» Task to carry out: Exact copies of all the lines below are wanted, without a single picture.

Provided material Start Marker

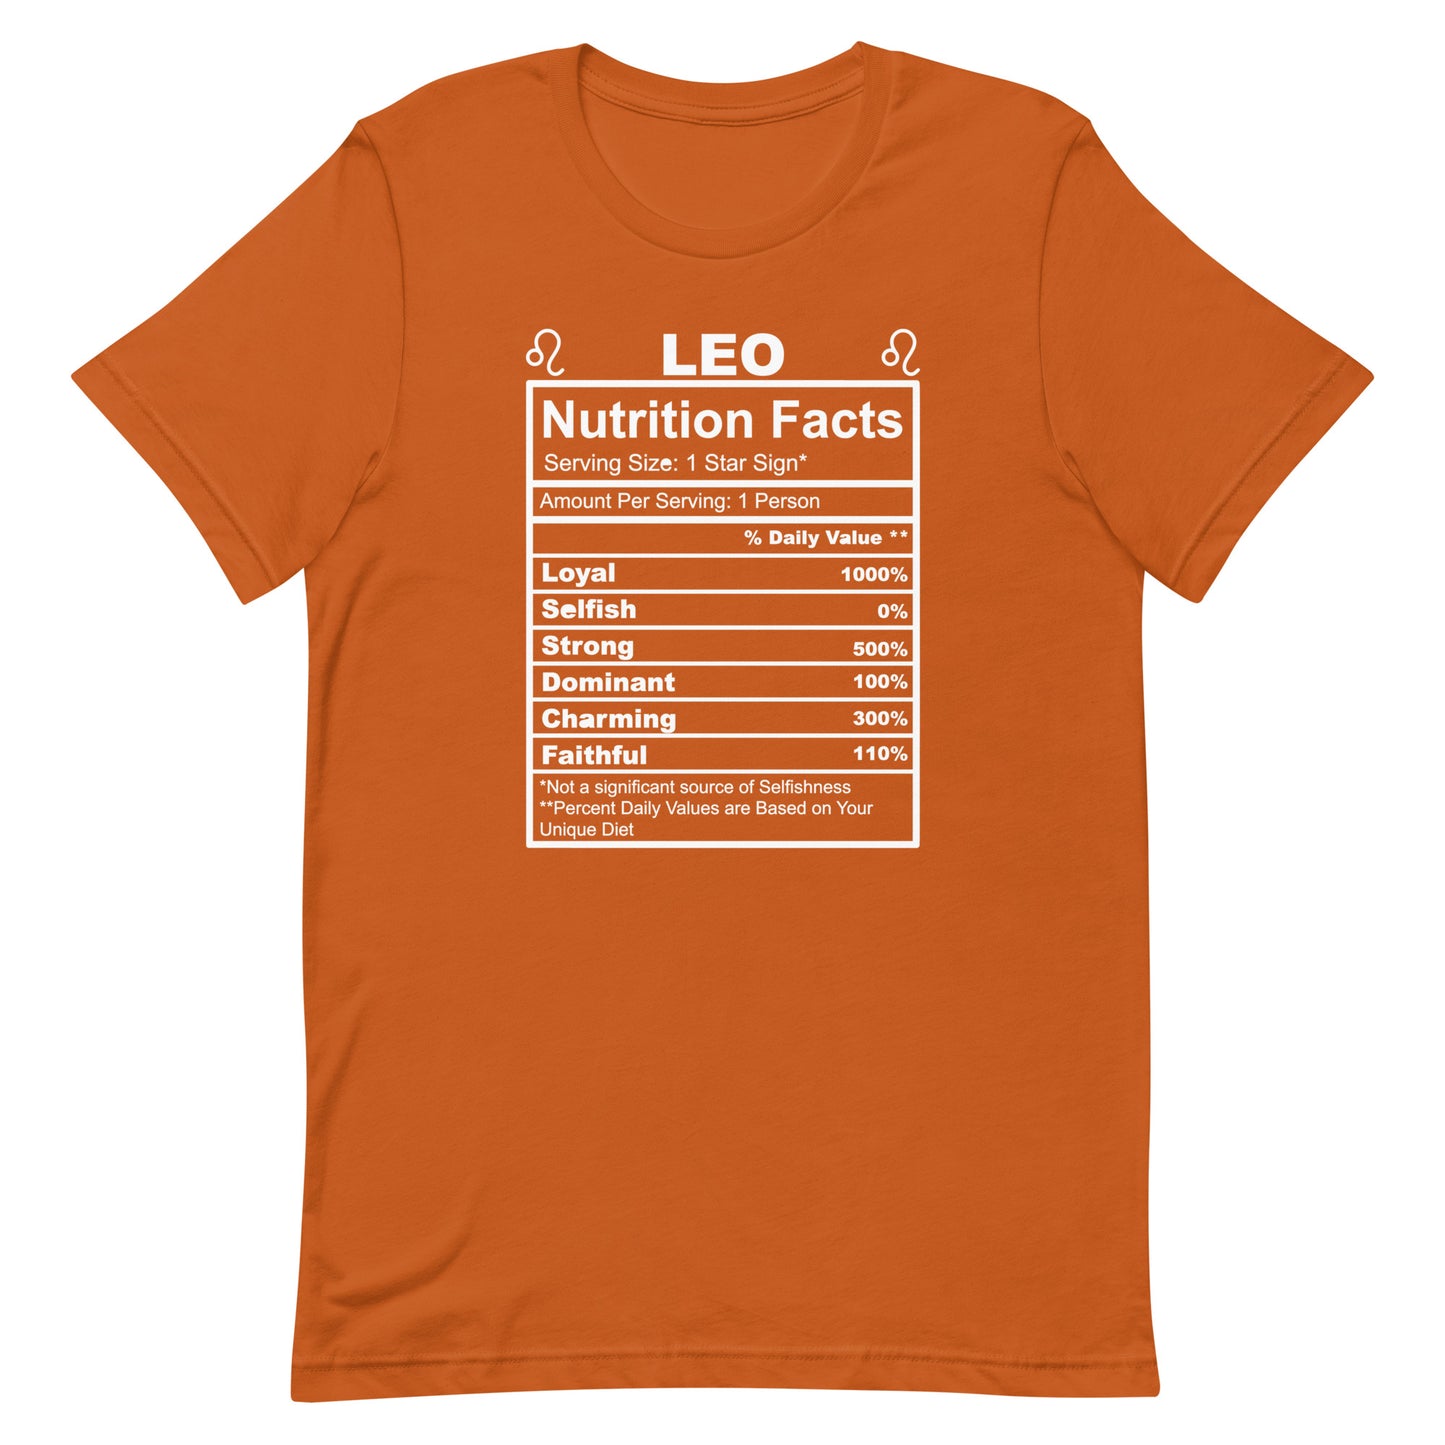 LEO - S-M - Unisex T-Shirt (whtie letters)
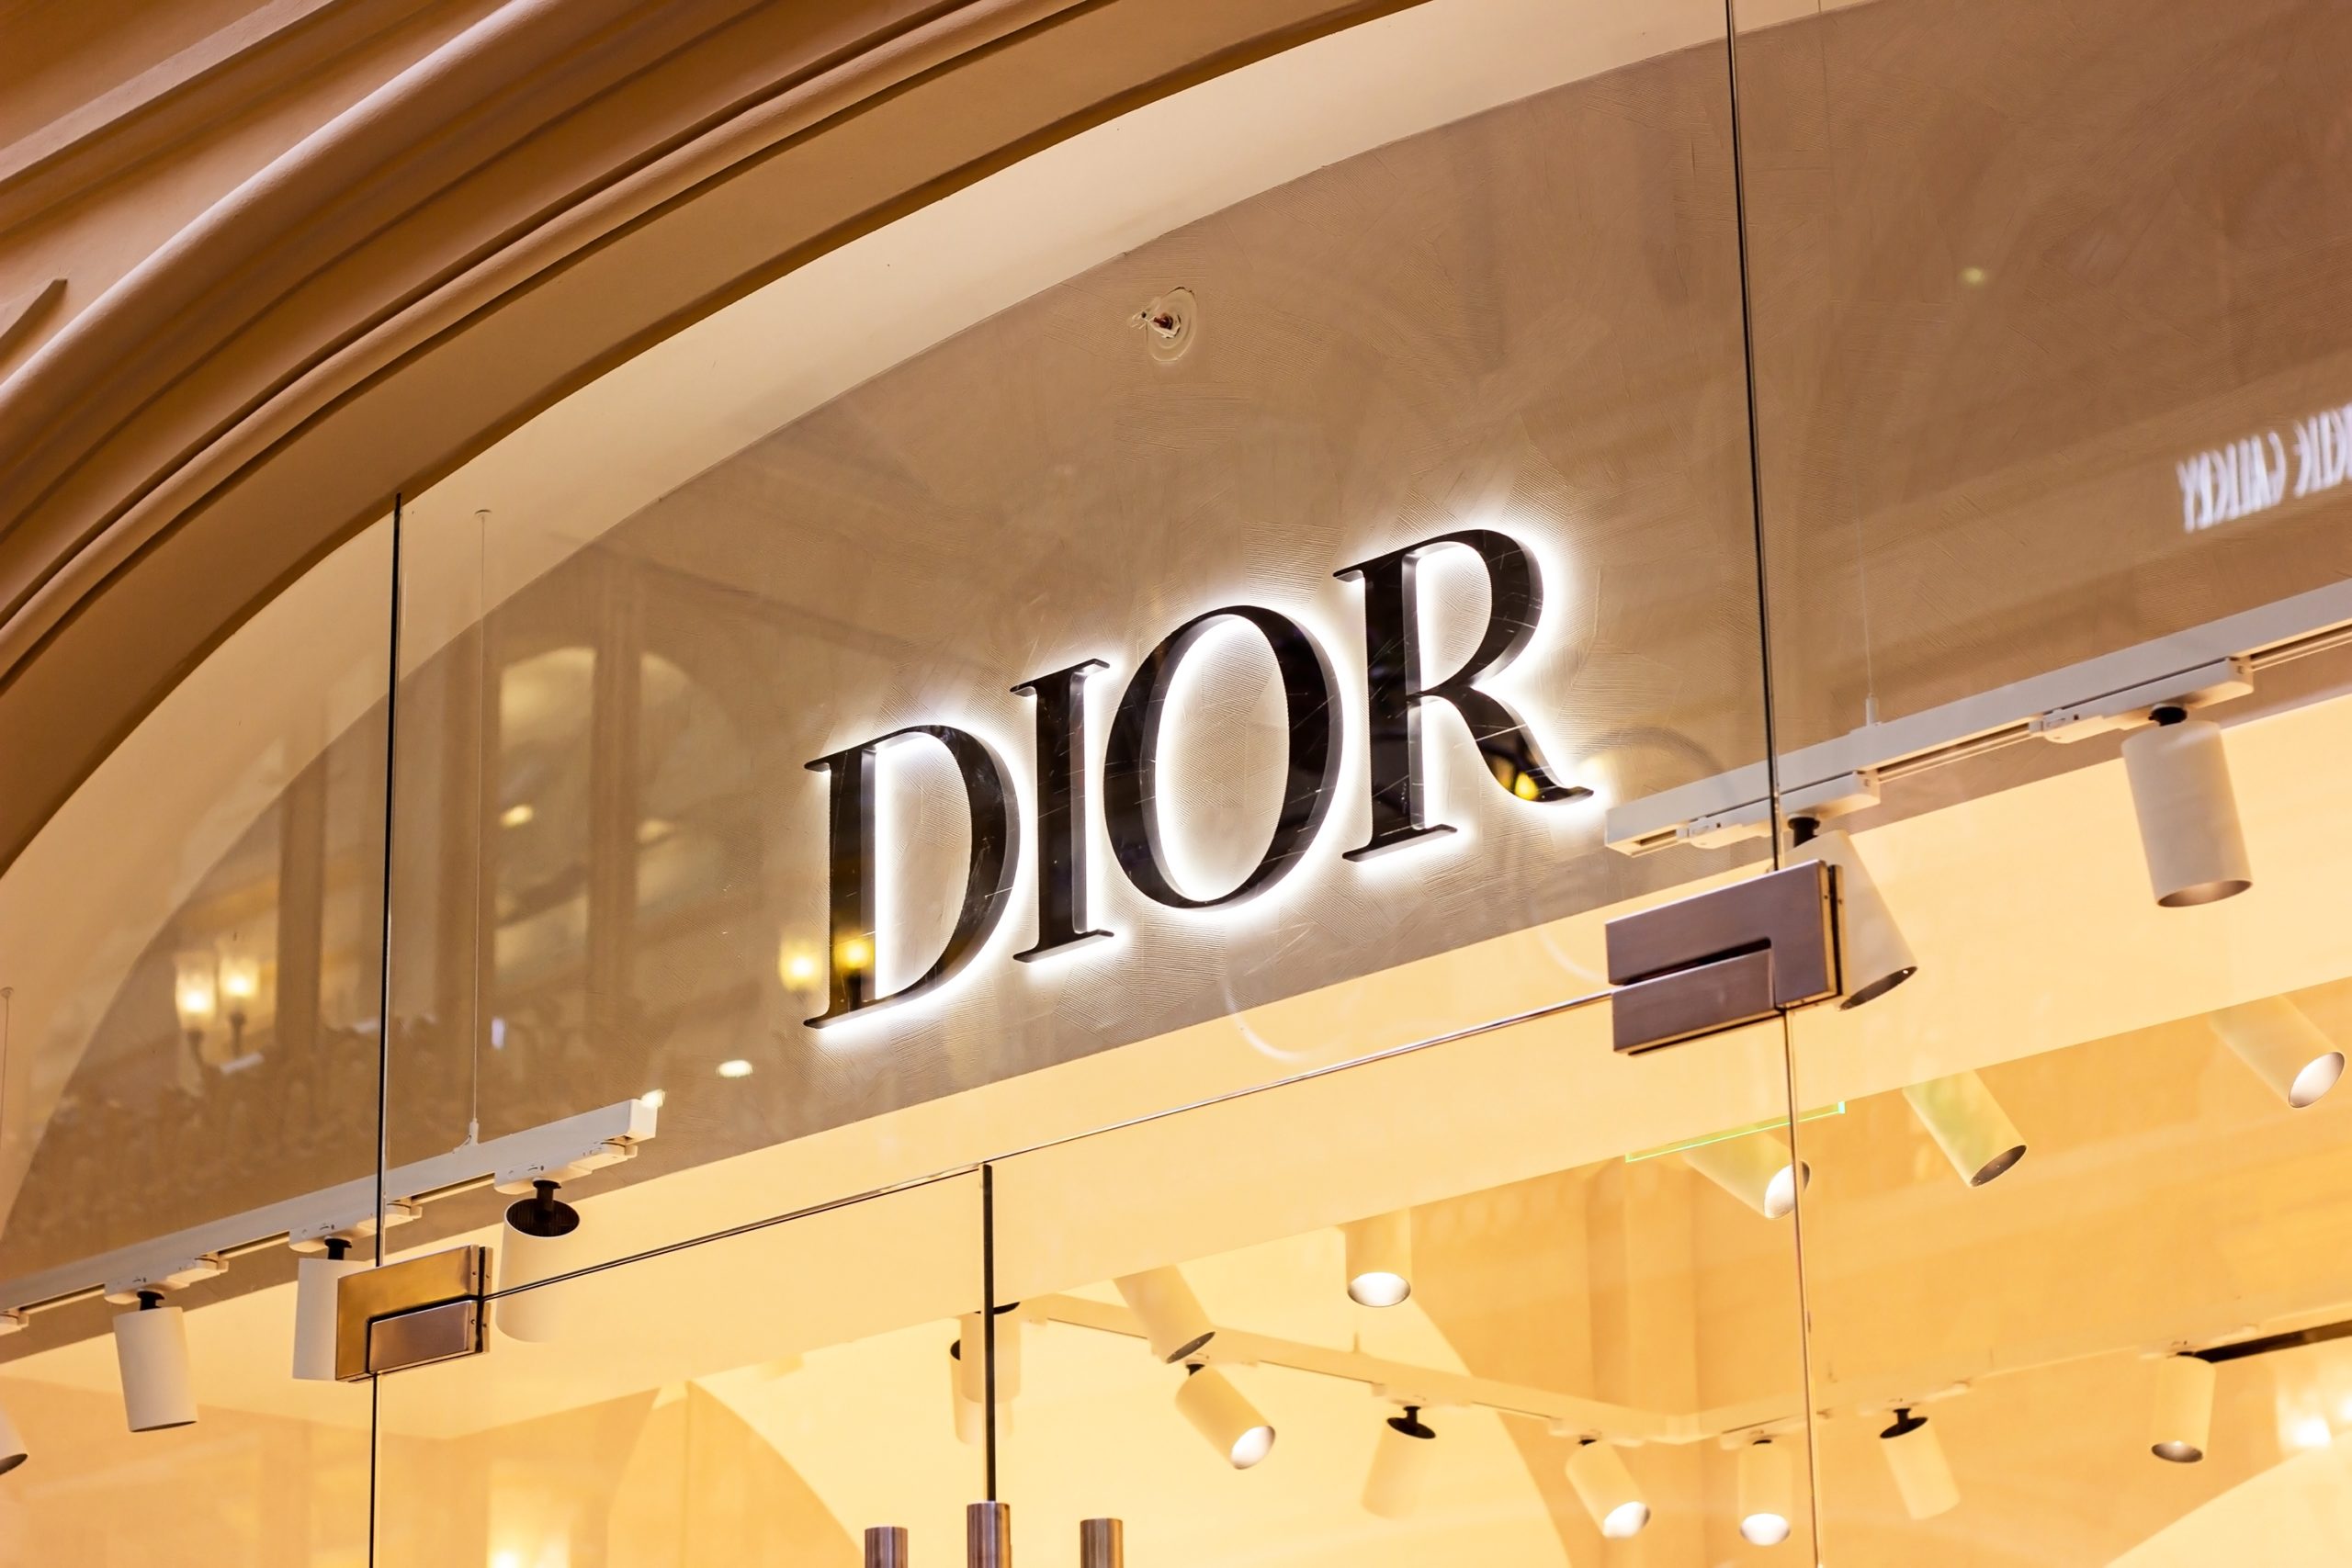 Dior, controllata sottoposta ad amministrazione giudiziaria per sfruttamento del lavoro
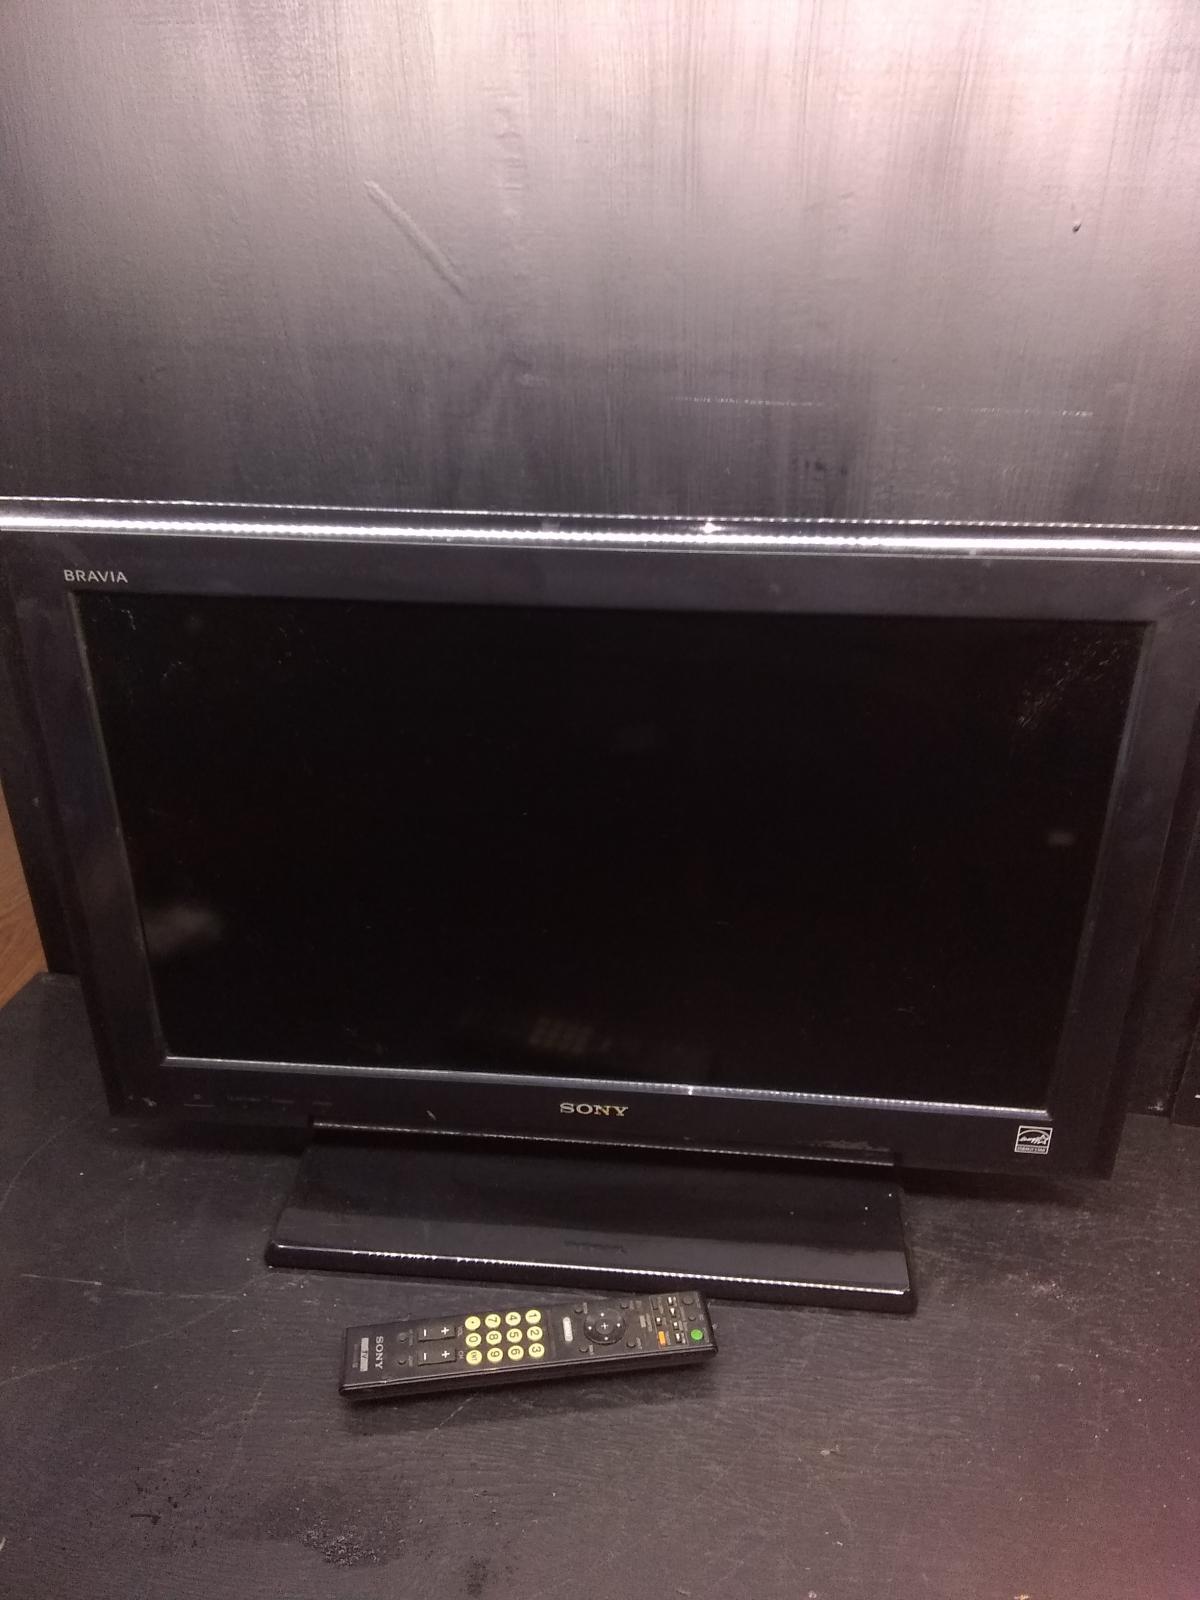 Sony Bravia 26" TV Model# KDL-26L5000

Provided material End Marker

» Output for this task:
 LEO - S-M - Unisex T-Shirt (whtie letters)
 Dior, controllata sottoposta ad amministrazione giudiziaria per sfruttamento del lavoro
 Sony Bravia 26" TV Model# KDL-26L5000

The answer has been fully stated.